Judges Andrew Chan Hing-wai and Alex Lee Wan-tang asked if the defense’s written request for Au Nok-hin’s sentence to be reduced by half would propose more than half in court. At this point, Au Nok-hin made a cross gesture with his hands, indicating no further reduction was necessary. Judge Lee cited a case stating that only a “supergrass” who testifies in court could receive a reduction close to two-thirds, or 66%. After discussion, Valerie Chan Mo-yin confirmed that Au would not be considered a “supergrass,” and under Article 33 of the National Security Law and common law principles, suggested a reduction of 50% to 60% for Au (see table).

The “quality of evidence” provided by Au Nok-hin was briefly discussed in court. Judge Chan mentioned a drug case where a defendant provided information to the police which ultimately proved useless. Judge Lee believed that the evidence showed Au Nok-hin did not reach the “supergrass” level, but his testimony was “useful” and helped substantiate the charges, stating, “Without his testimony, the prosecution couldn’t even have filed the case.” Additionally, ValerieChan Mok-yin claimed that Ben Chung Kam-lun provided all feasible assistance to the prosecution, also requesting a reduction of half.

Andrew Chiu’s request for a 66% reduction was questioned by the court. Representing Chiu, barrister Summly Lee claimed that Chiu had earlier in written submissions requested a 66% reduction, saying Chiu “did his best” to provide information to law enforcement, meeting the “supergrass” level. Judge Lee questioned, noting that a “supergrass” is not only a prosecution witness but also bears personal safety risks, after which Summly Lee revised the recommendation to a reduction of 40% to 55%.
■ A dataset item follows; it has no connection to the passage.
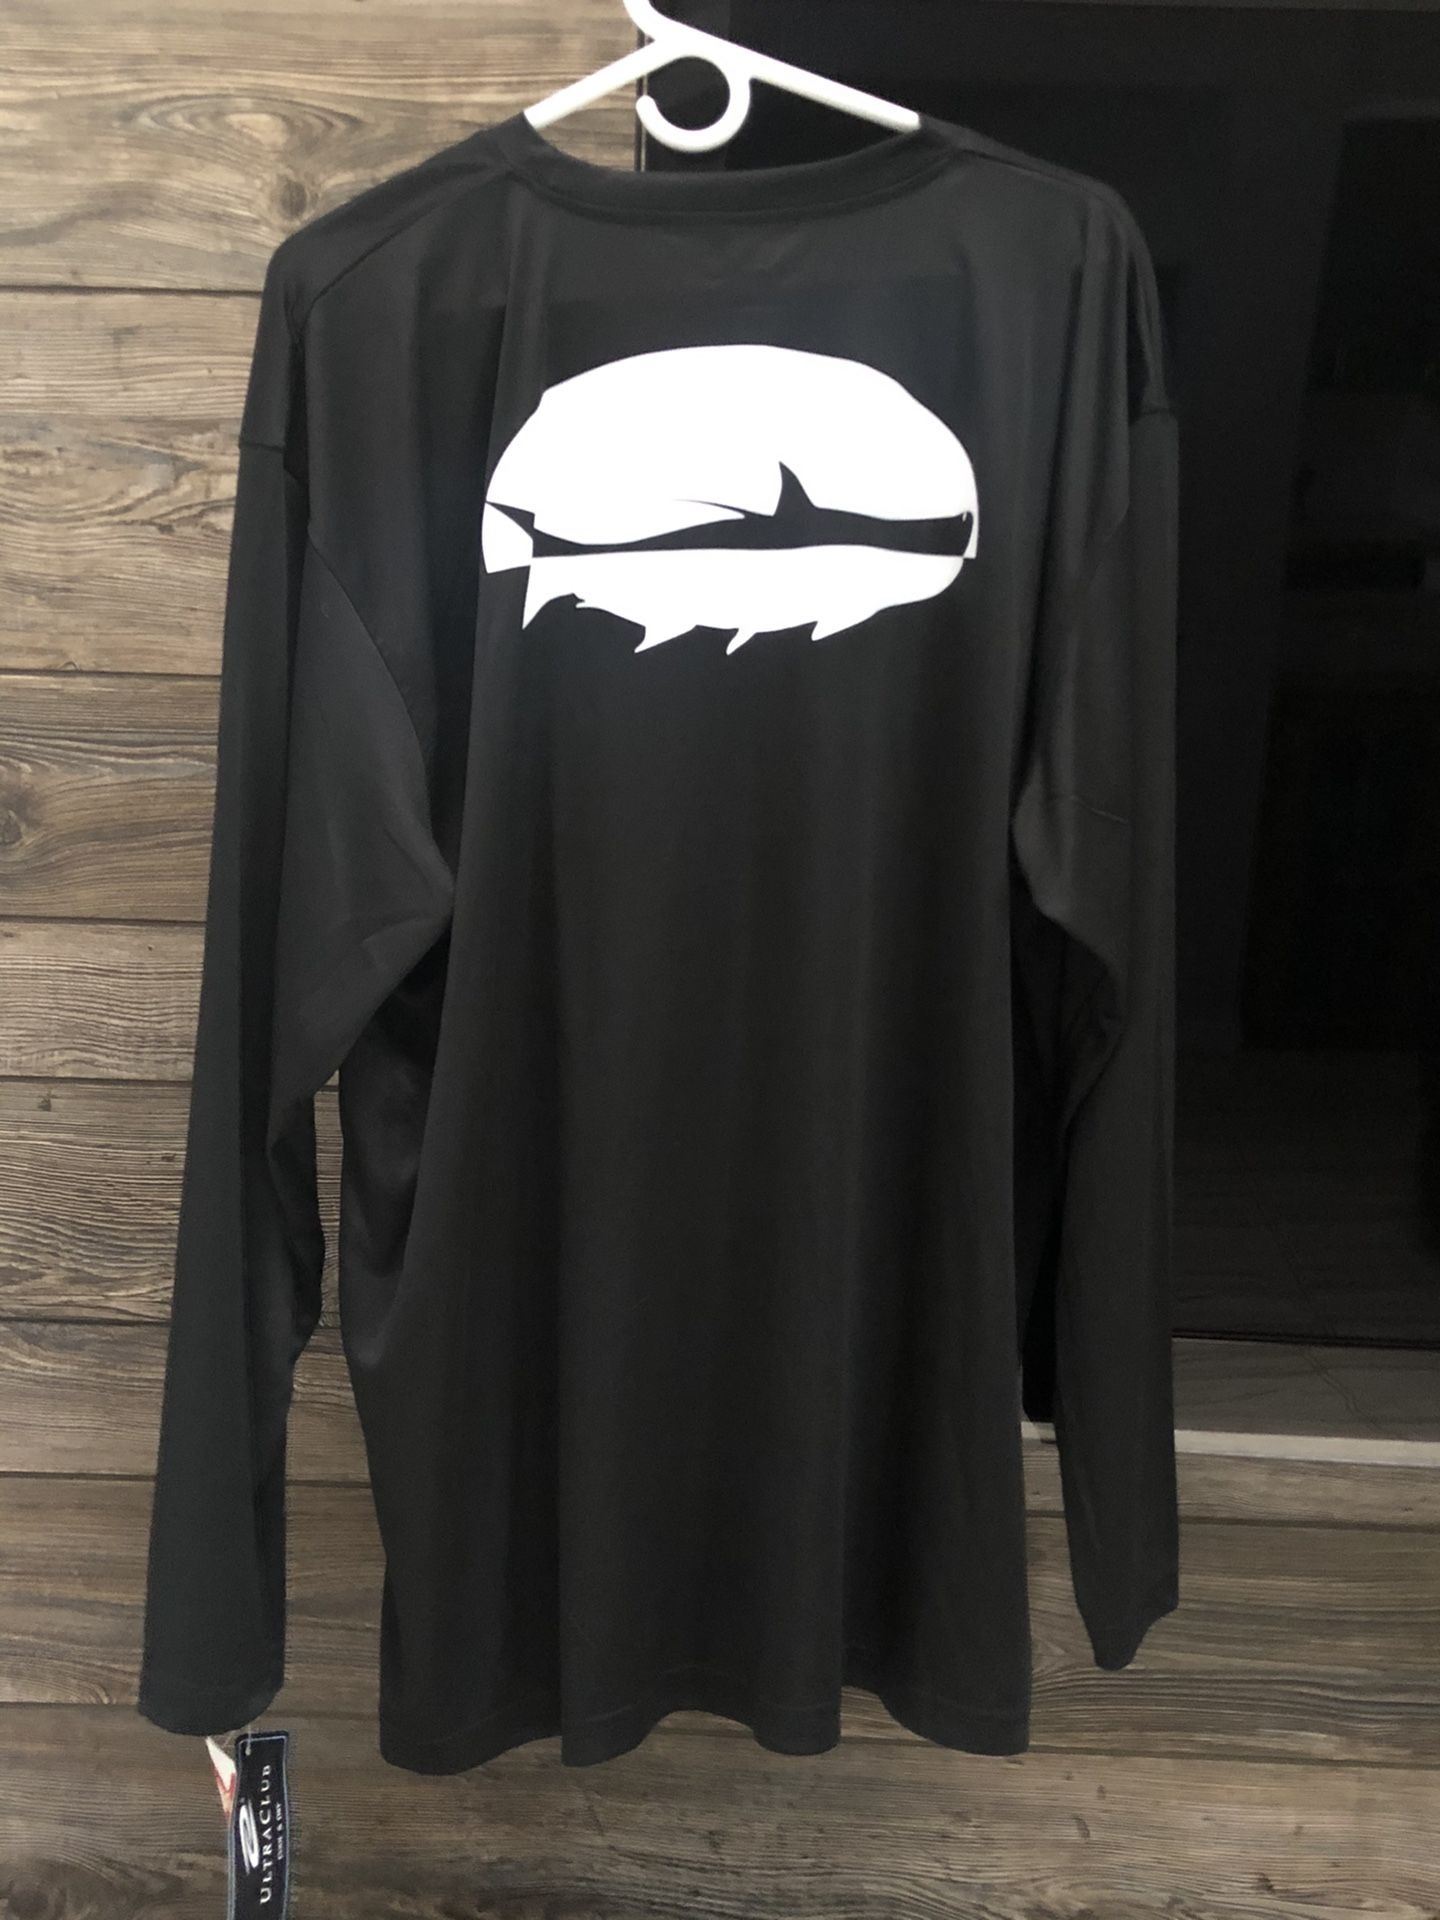 Tarpon spf50+ Fishing shirt xL

Summly Lee stated that as the then convenor of the Democratic Dynamics, Chiu was only invited to prepare for the primaries, and his involvement in the crime was brief, showing deep reflection. Judge Johnny Chan Jong-herng asked what the relevance was of the trauma report from Chiu’s injury during the November 2019 Taikoo Shing conflict to the sentencing. Summly Lee responded that Chiu, being a moderate democrat, had suffered both physical and psychological trauma.